Exercise details: Write out only the lines from the top of the listing below through the one with "What Chris McCurry, Bark", exactly as they stand, while keeping pictures out of the copy.

Information shown:
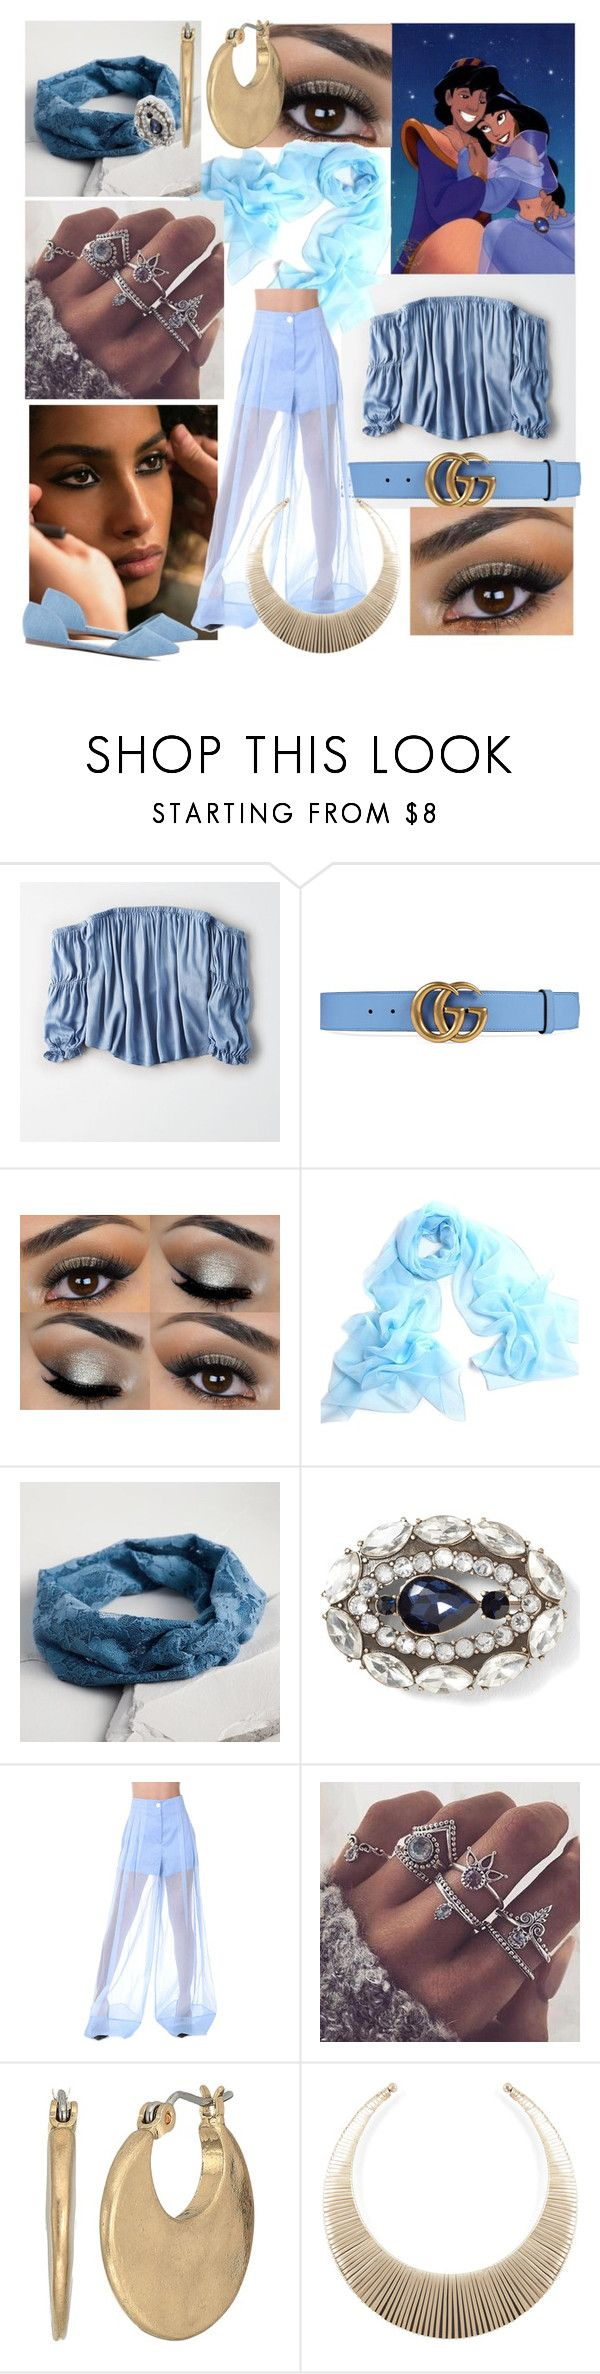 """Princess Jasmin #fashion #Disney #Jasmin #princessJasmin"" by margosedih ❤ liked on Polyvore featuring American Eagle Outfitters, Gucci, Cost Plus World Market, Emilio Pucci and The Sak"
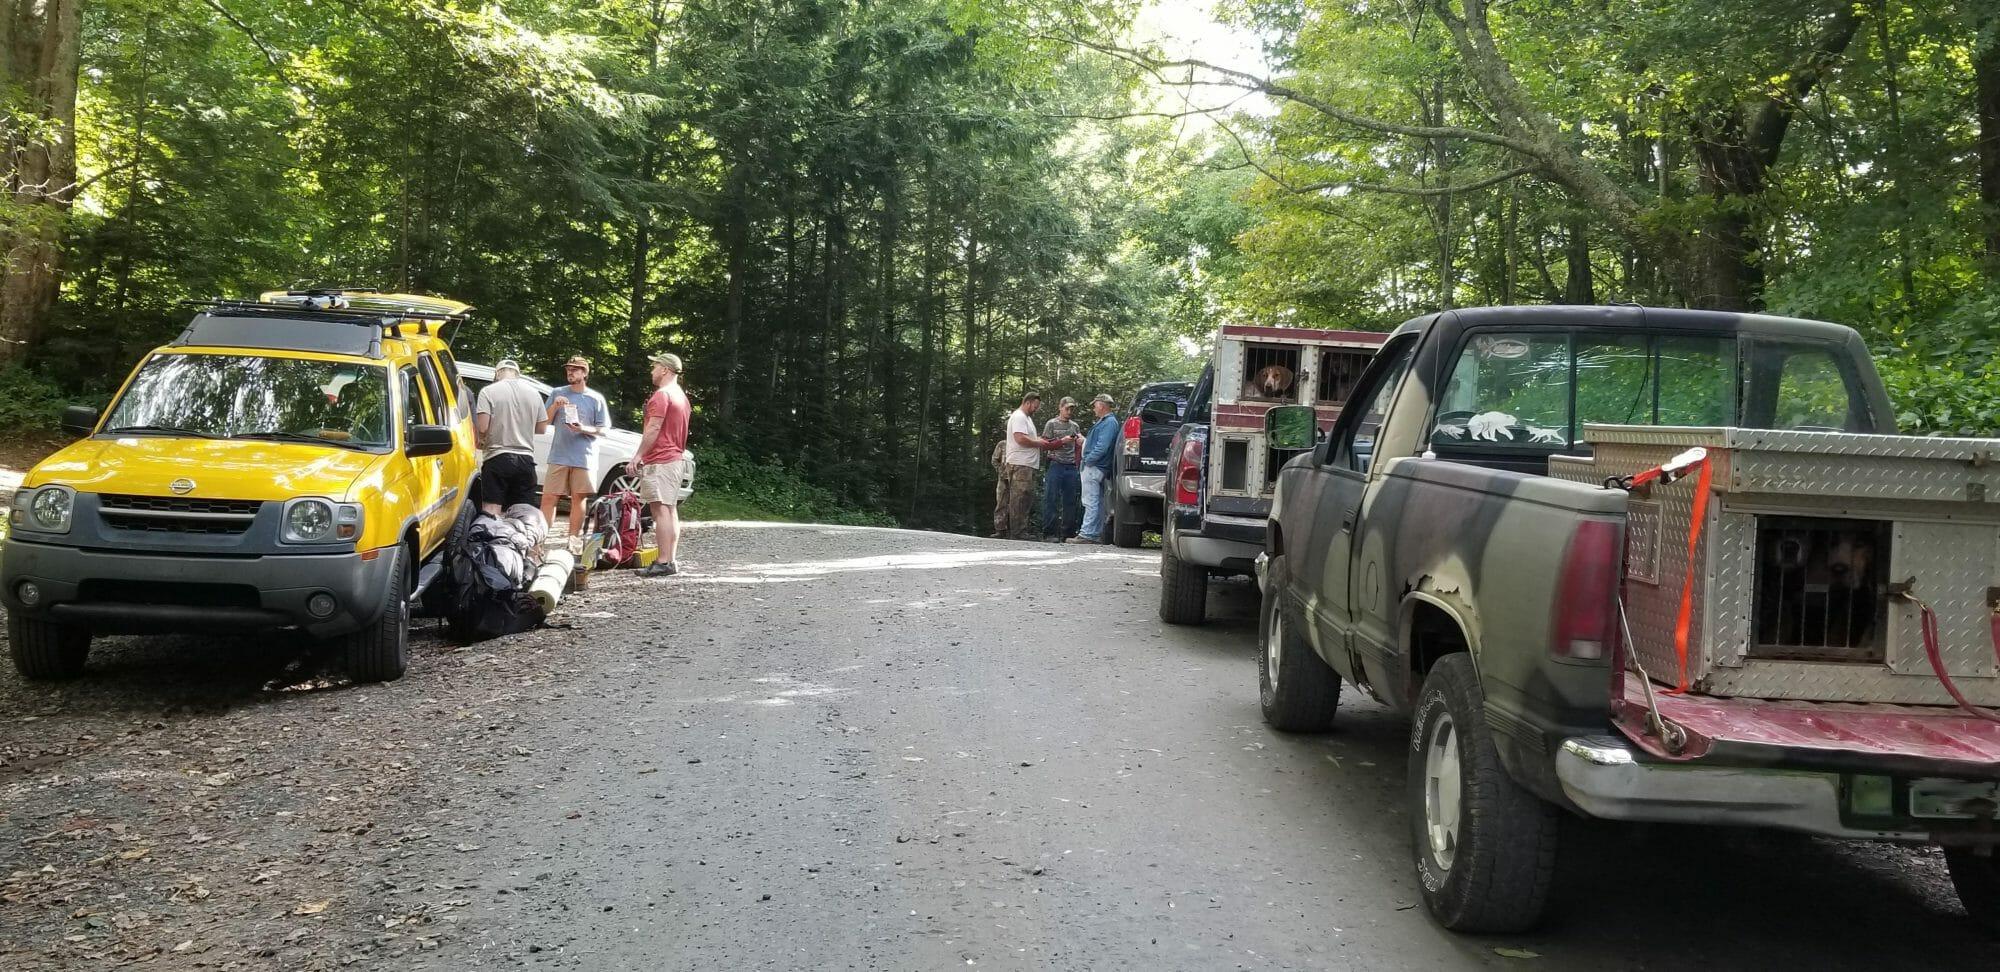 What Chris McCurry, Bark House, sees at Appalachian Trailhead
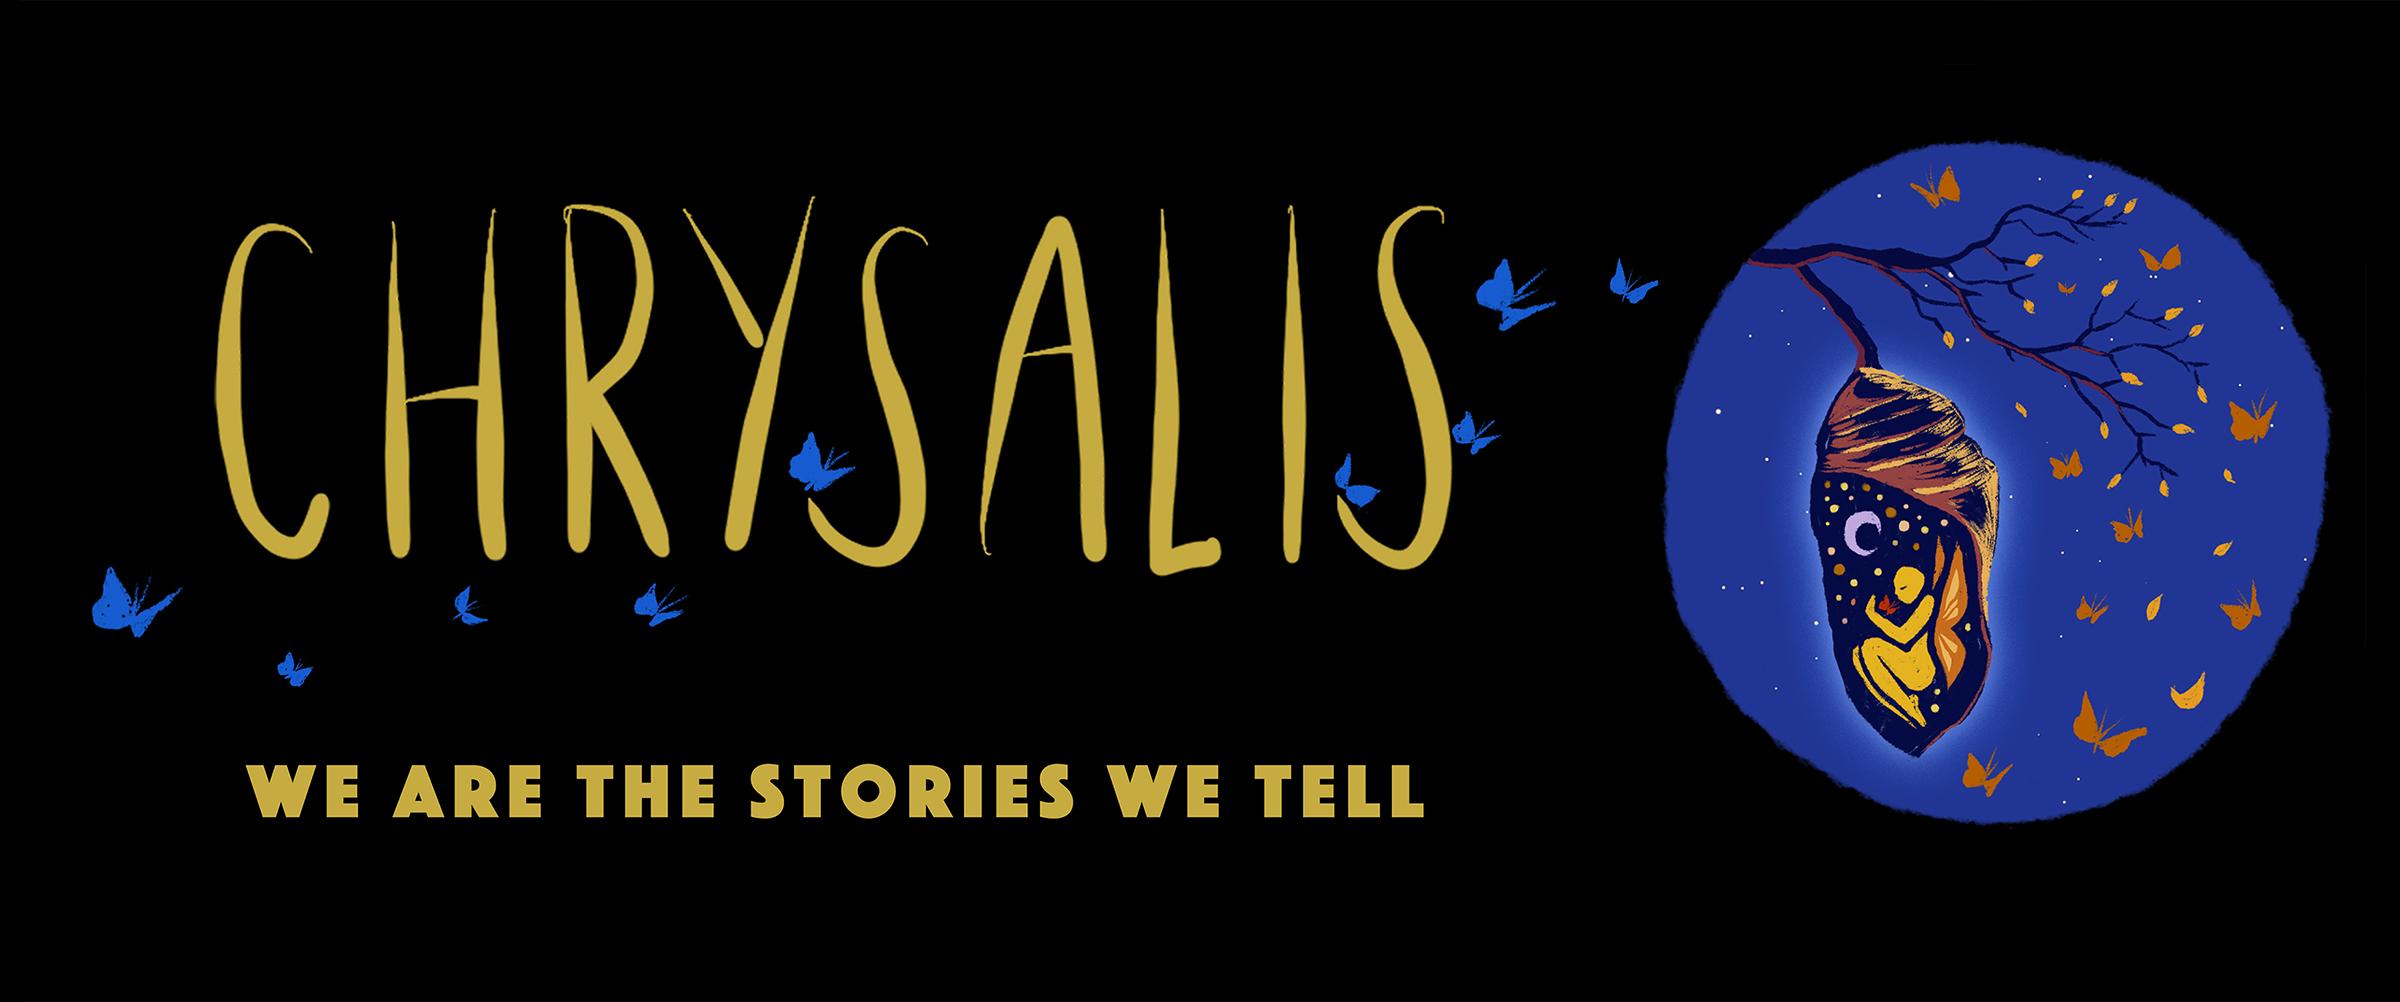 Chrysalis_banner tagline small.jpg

Solution:
 """Princess Jasmin #fashion #Disney #Jasmin #princessJasmin"" by margosedih ❤ liked on Polyvore featuring American Eagle Outfitters, Gucci, Cost Plus World Market, Emilio Pucci and The Sak"
 What Chris McCurry, Bark House, sees at Appalachian Trailhead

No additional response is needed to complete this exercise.